*** Begin section ***

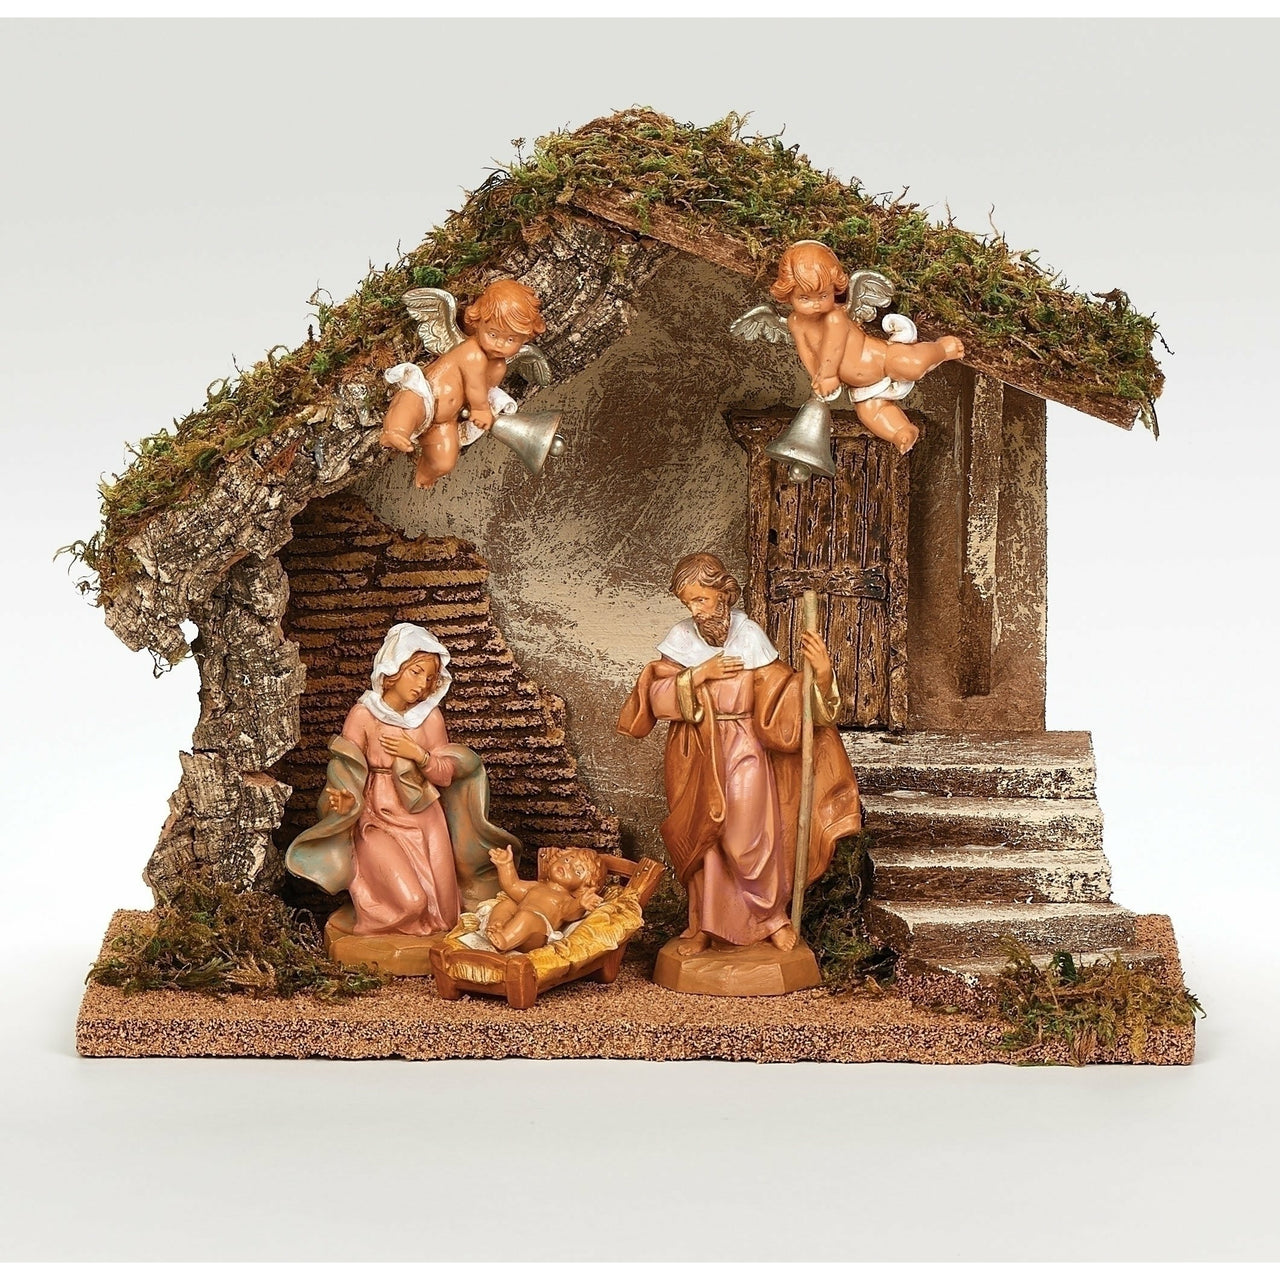 5 Piece Piece Wedding Nativity Set for 5 Inch Scale - Lighted with Adaptor Set (Sold Alone)
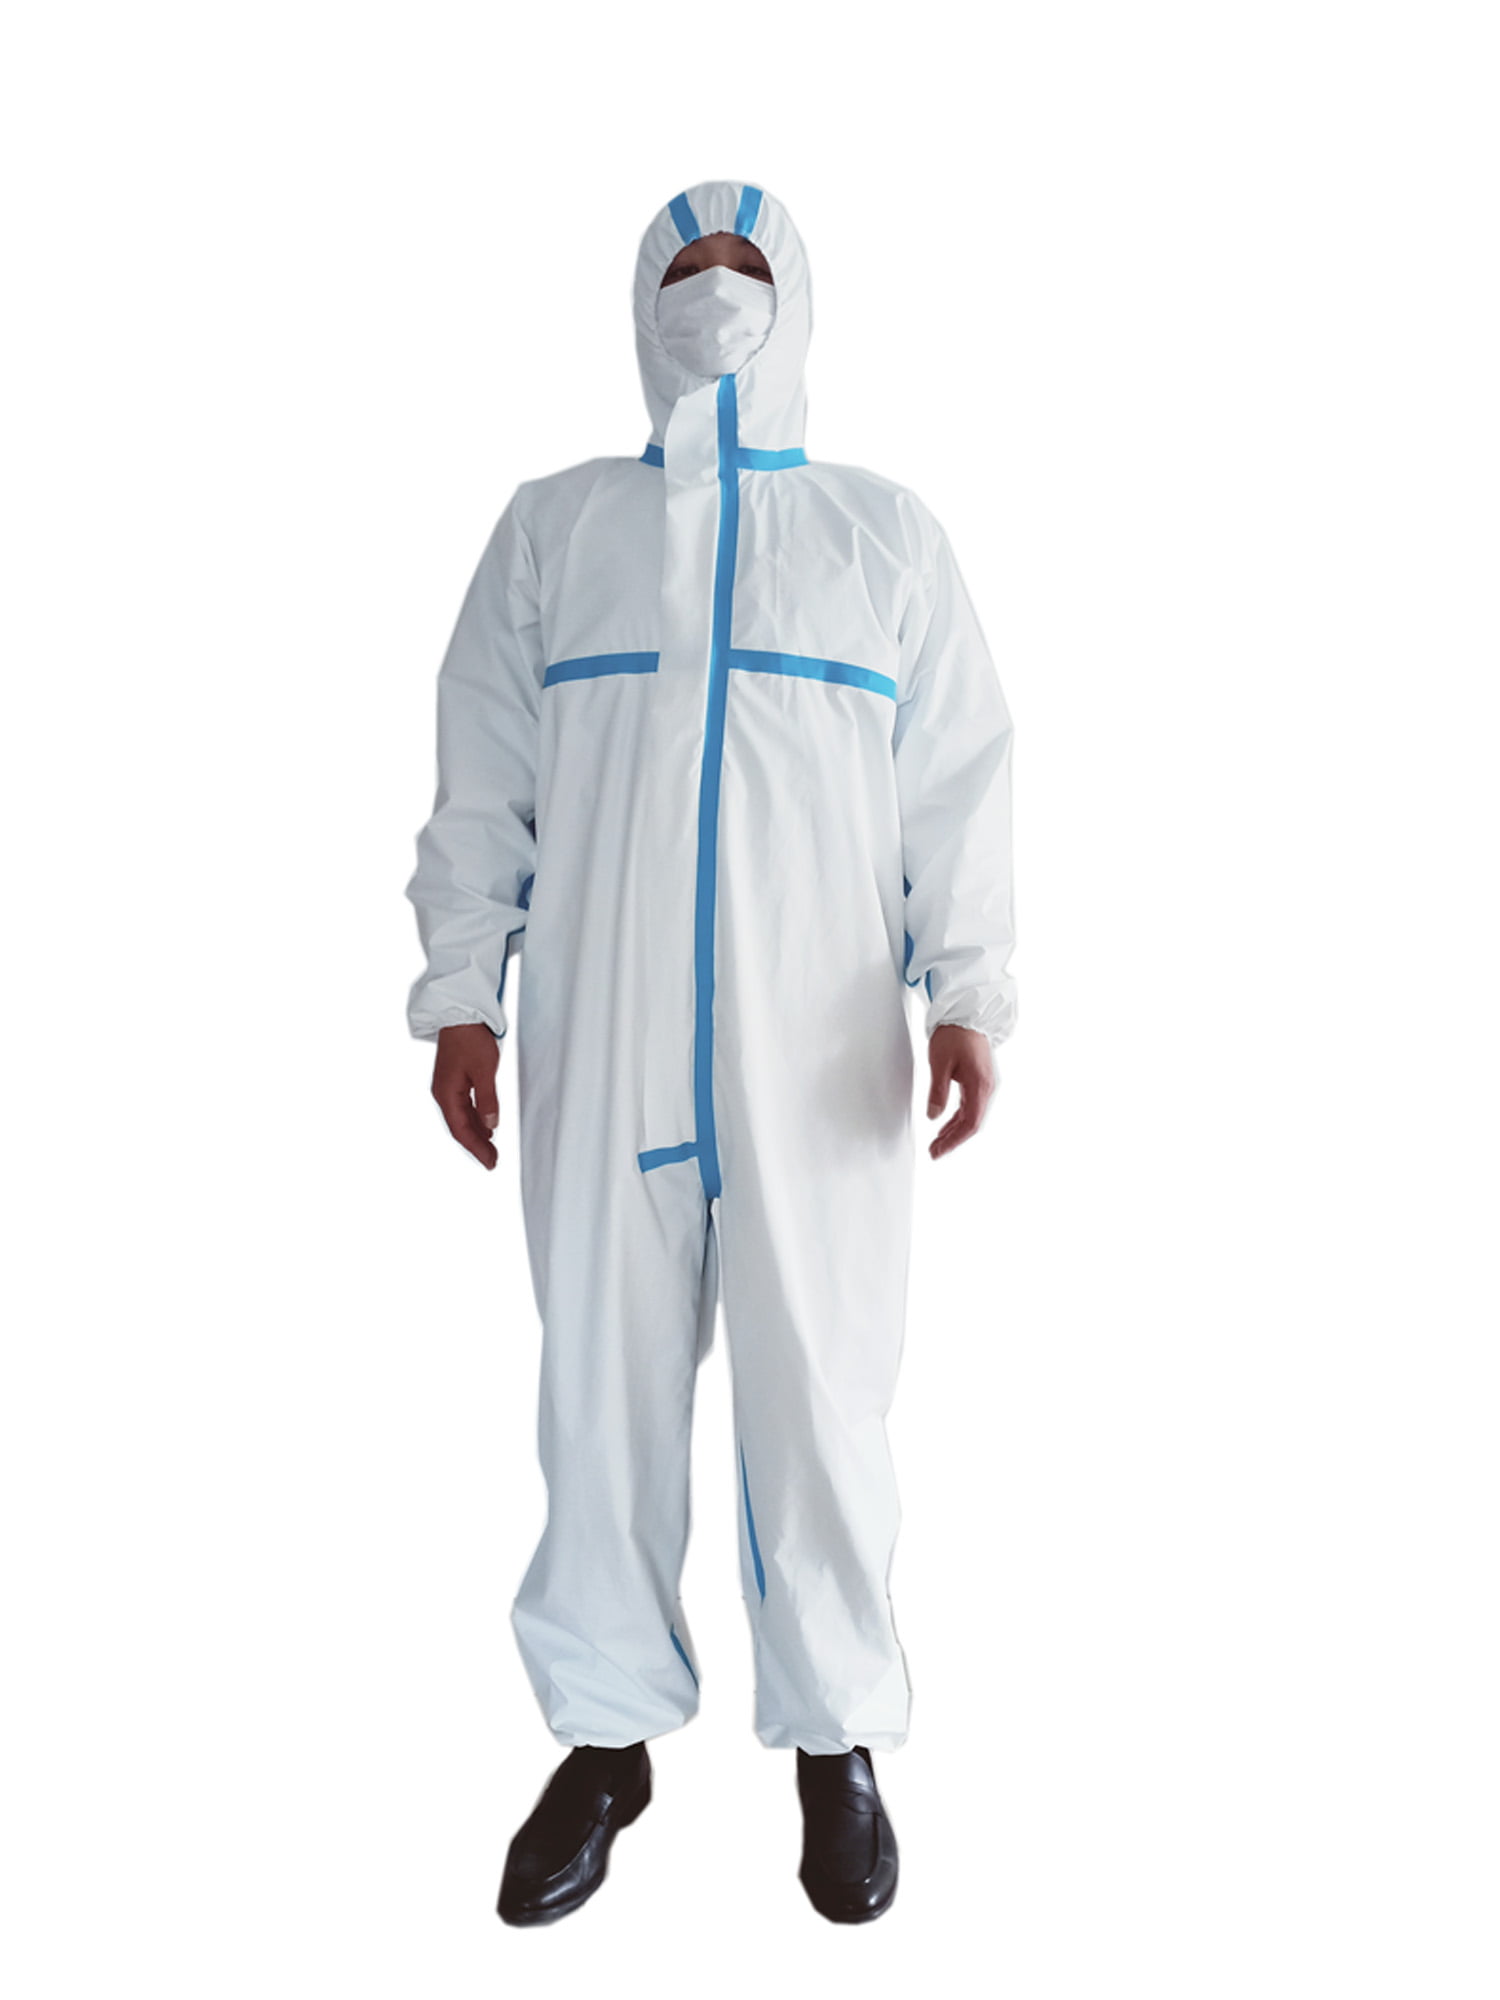 Details about   Hazmat Suit Anti-Virus Protection Clothing Safety Coverall Disposable Healthcare 
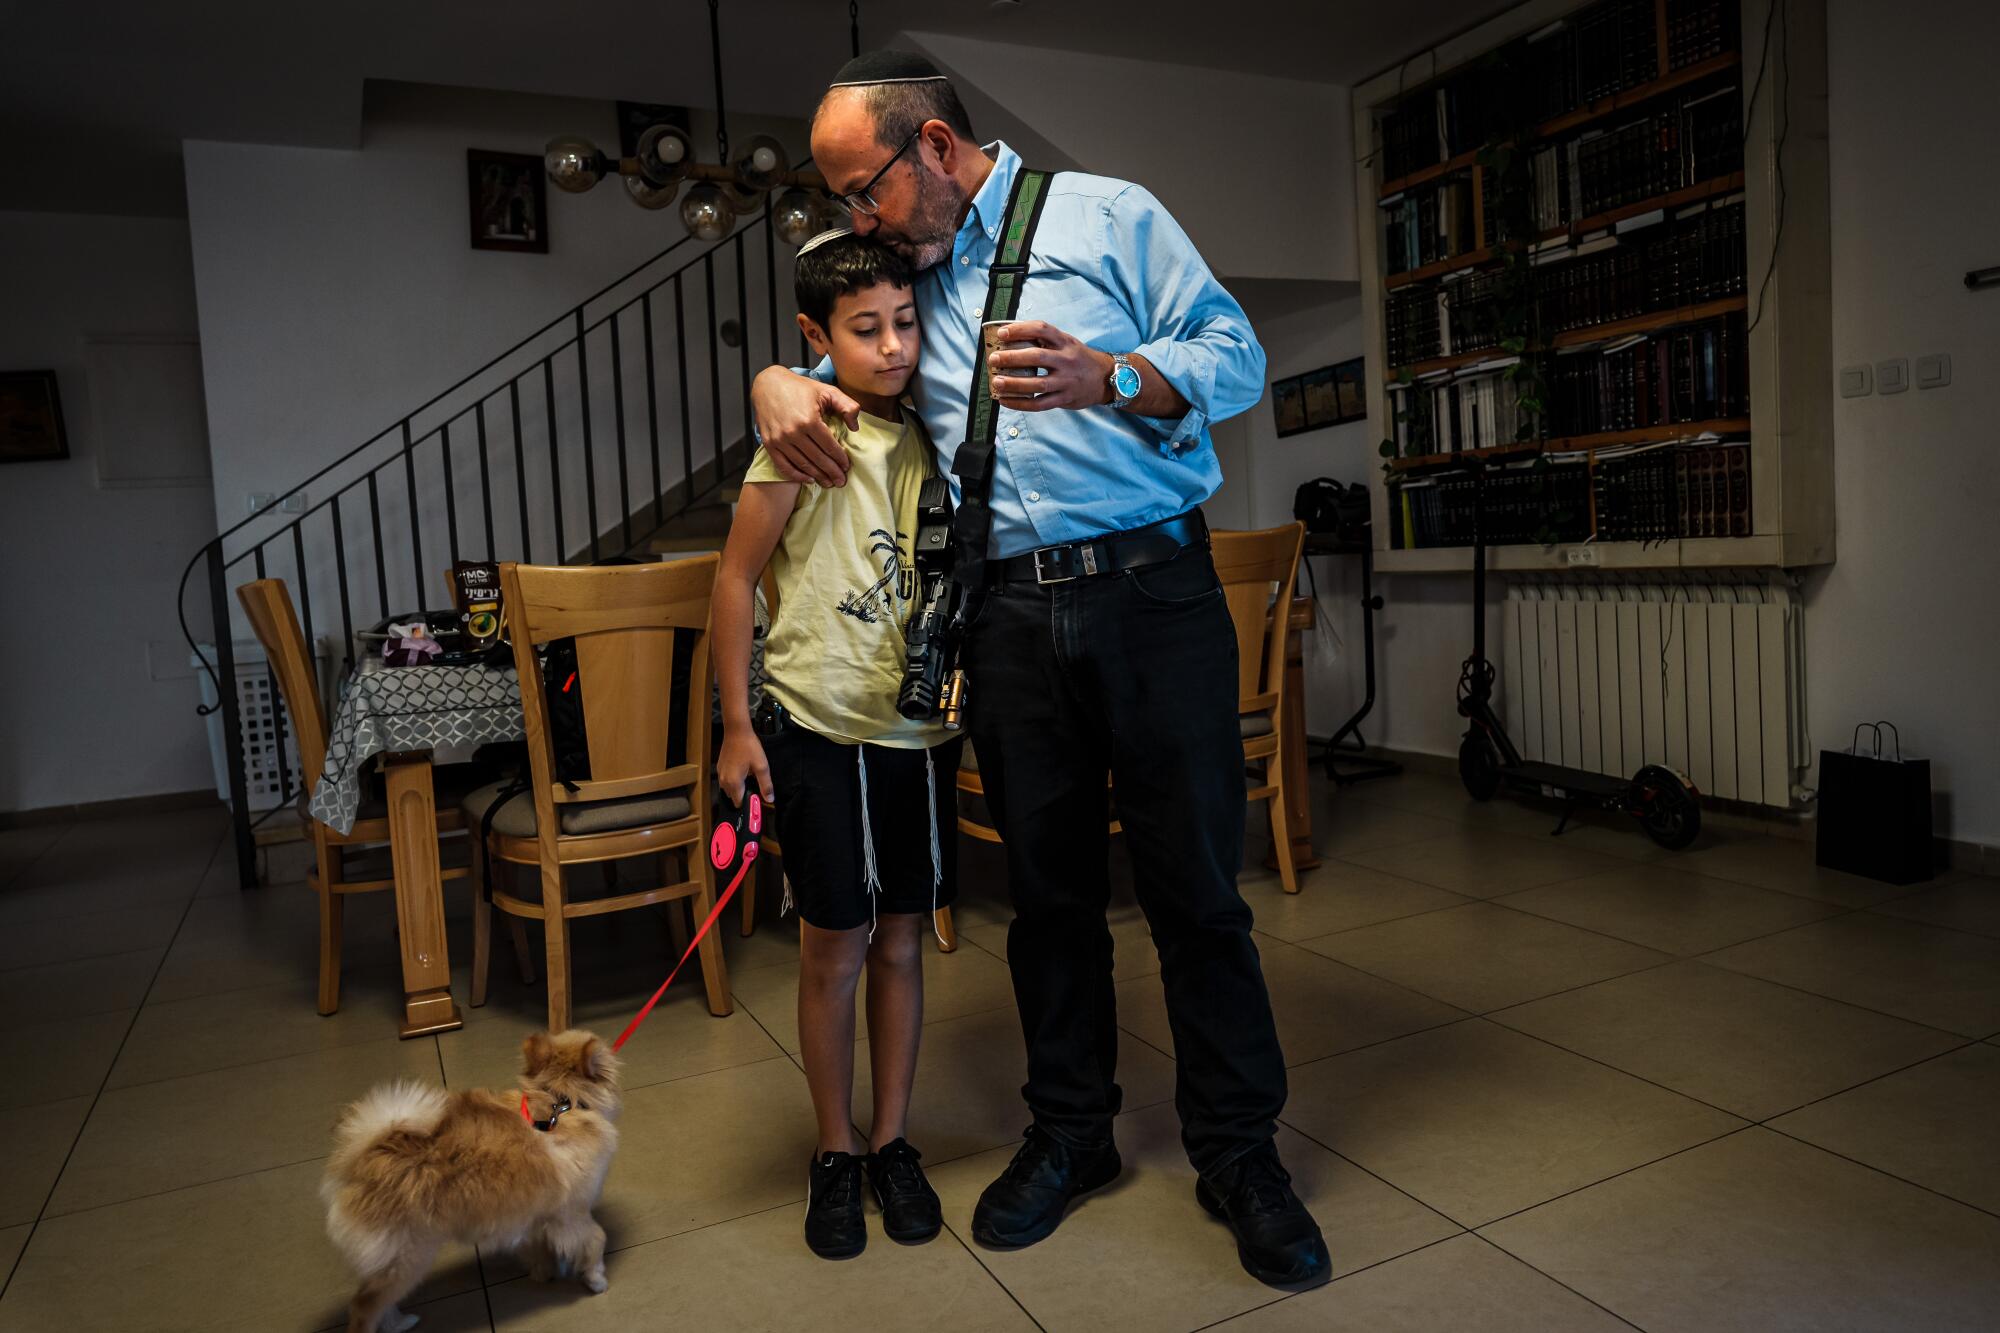 A man, wearing a long-sleeved blue shirt, dark pants and an assault weapon, hugs a boy holding the leash of a dog in a home

*** End section ***

* What you will do:
With the images omitted, return the full material exactly.

* Answer to the problem:
 5 Piece Piece Wedding Nativity Set for 5 Inch Scale - Lighted with Adaptor Set (Sold Alone)
 Details about   Hazmat Suit Anti-Virus Protection Clothing Safety Coverall Disposable Healthcare 
 A man, wearing a long-sleeved blue shirt, dark pants and an assault weapon, hugs a boy holding the leash of a dog in a home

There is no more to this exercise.